→ **DATASET ENTRIES**
· · ·
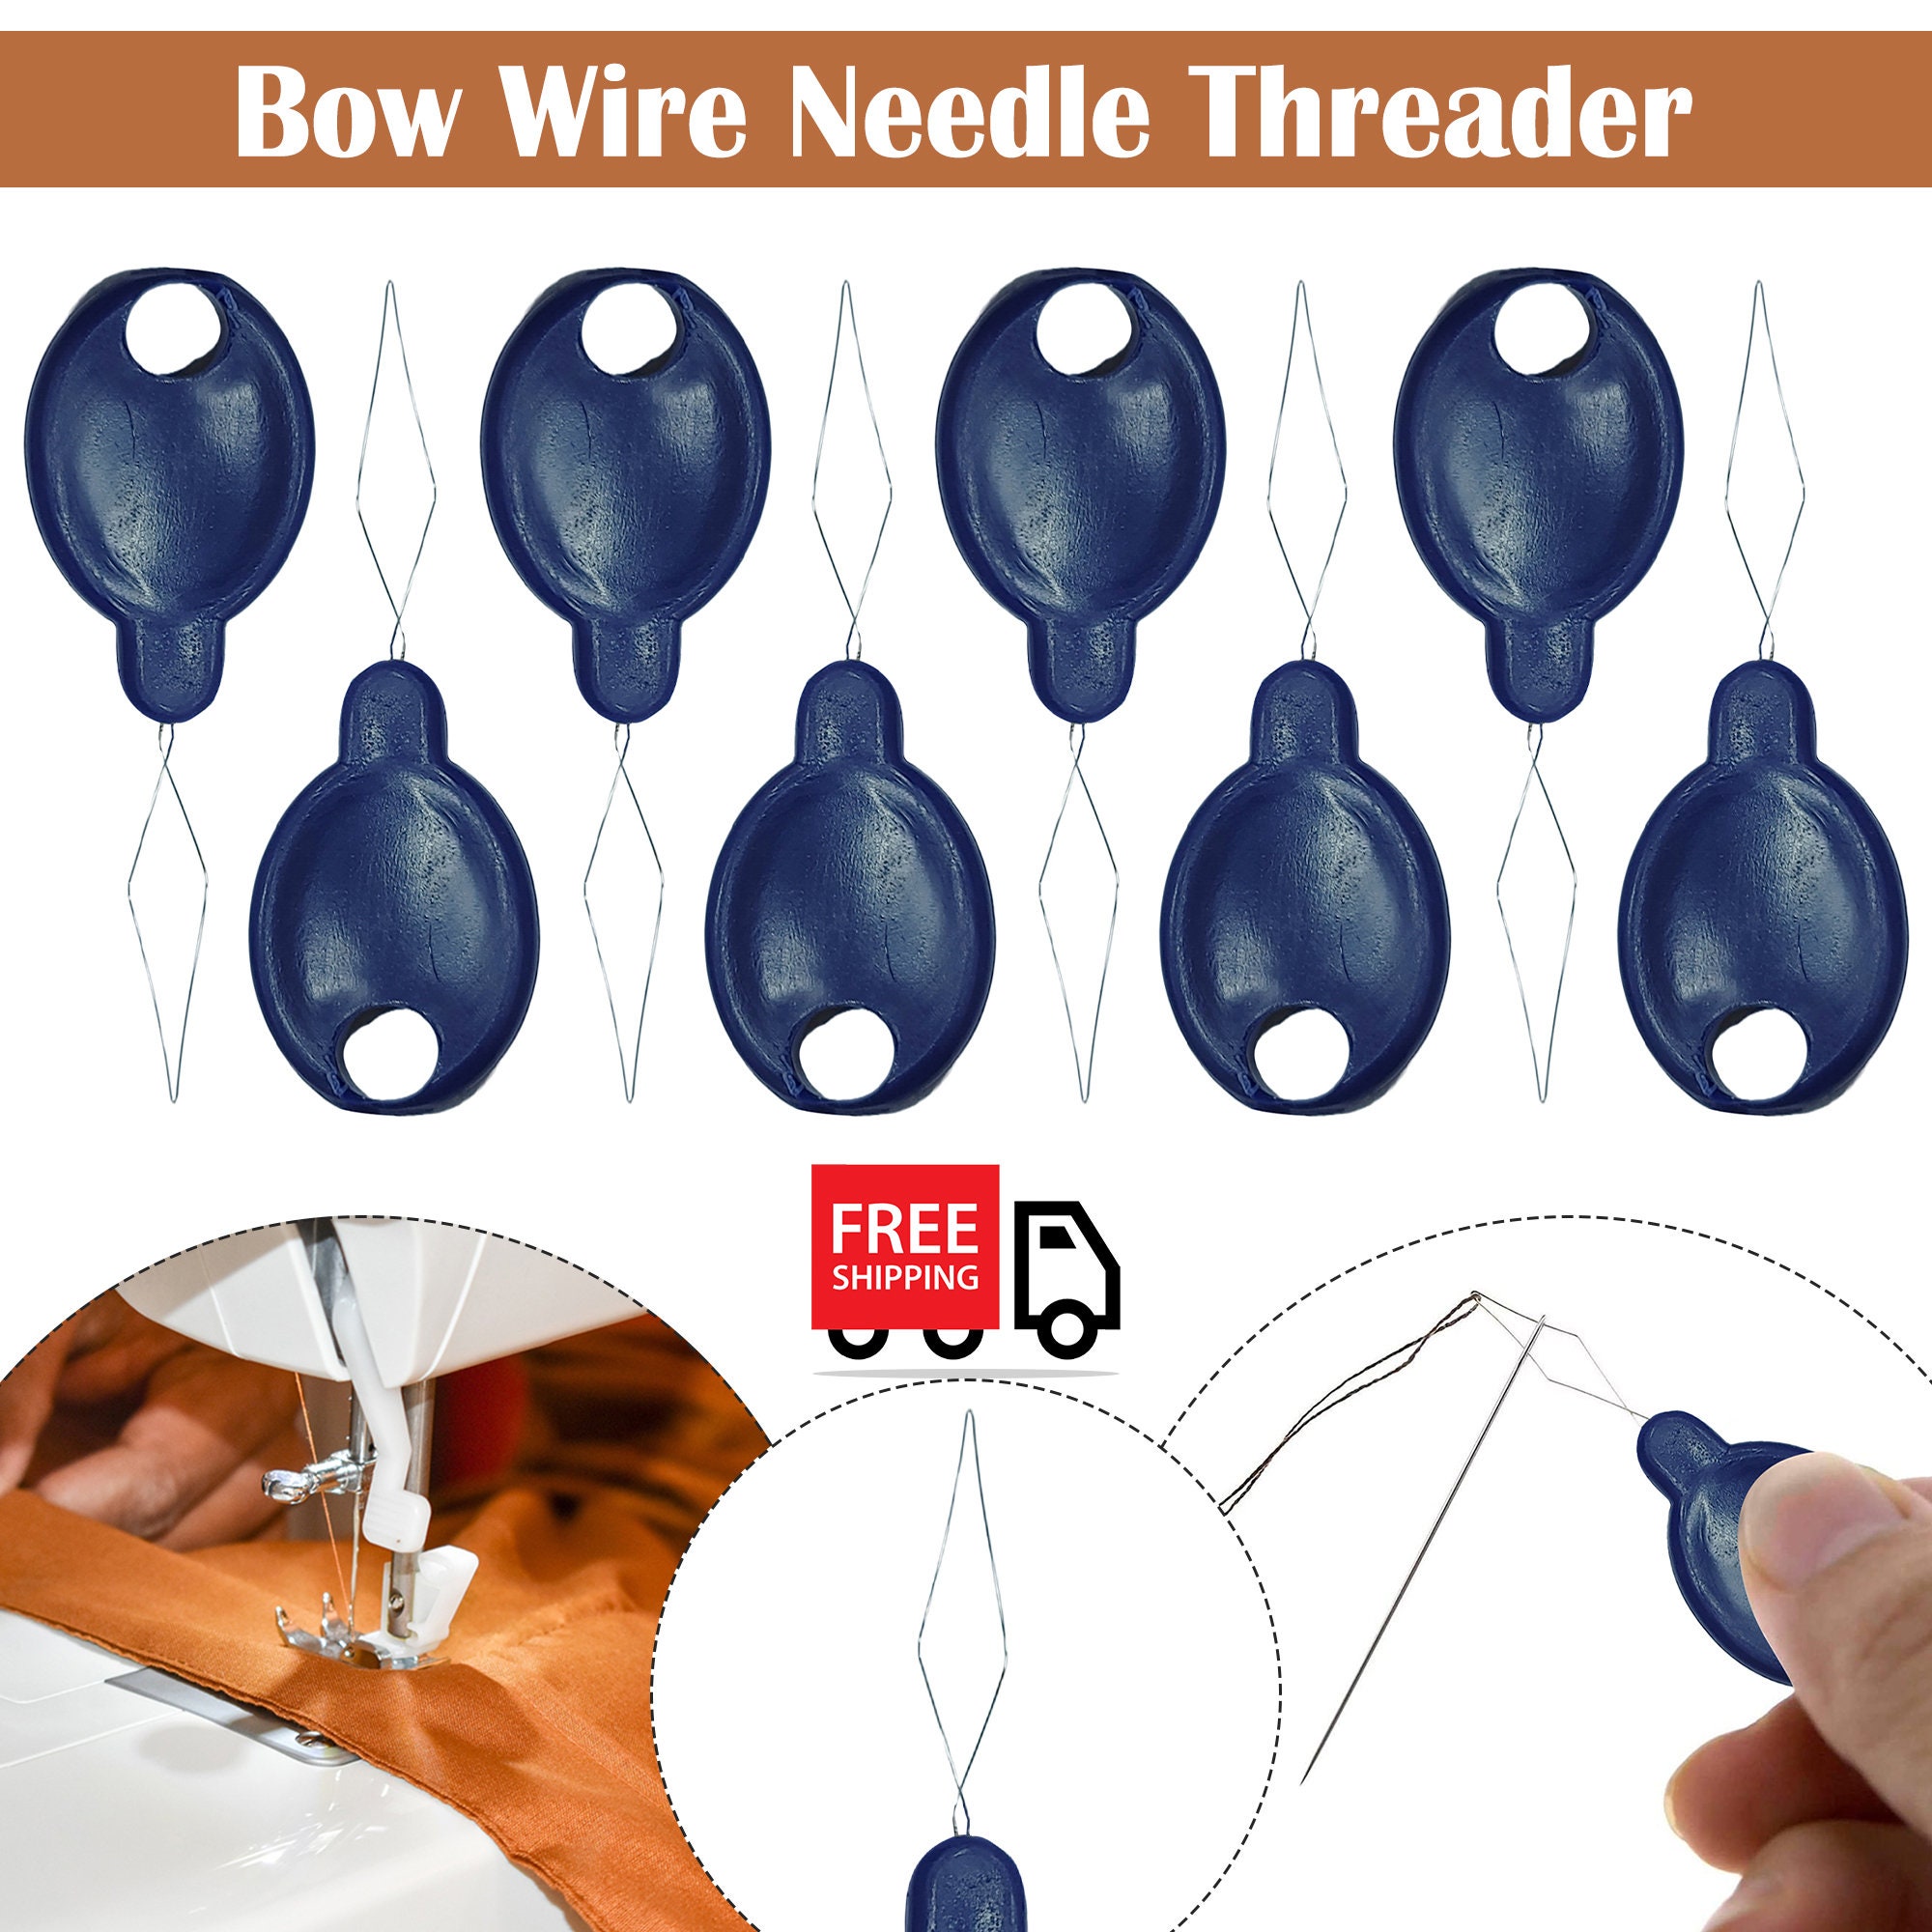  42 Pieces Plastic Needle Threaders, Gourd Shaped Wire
· · ·
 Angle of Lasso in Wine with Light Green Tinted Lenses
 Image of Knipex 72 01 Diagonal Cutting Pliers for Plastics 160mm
· · ·
→ **WORK INSTRUCTIONS**
Which lines above run from the one containing "Angle of Lasso" down to the one containing "Image of Knipex"? Repeat exactly those, both ends included, and nothing else.

→ **COMPLETED TASK**
 Angle of Lasso in Wine with Light Green Tinted Lenses
 Image of Knipex 72 01 Diagonal Cutting Pliers for Plastics 160mm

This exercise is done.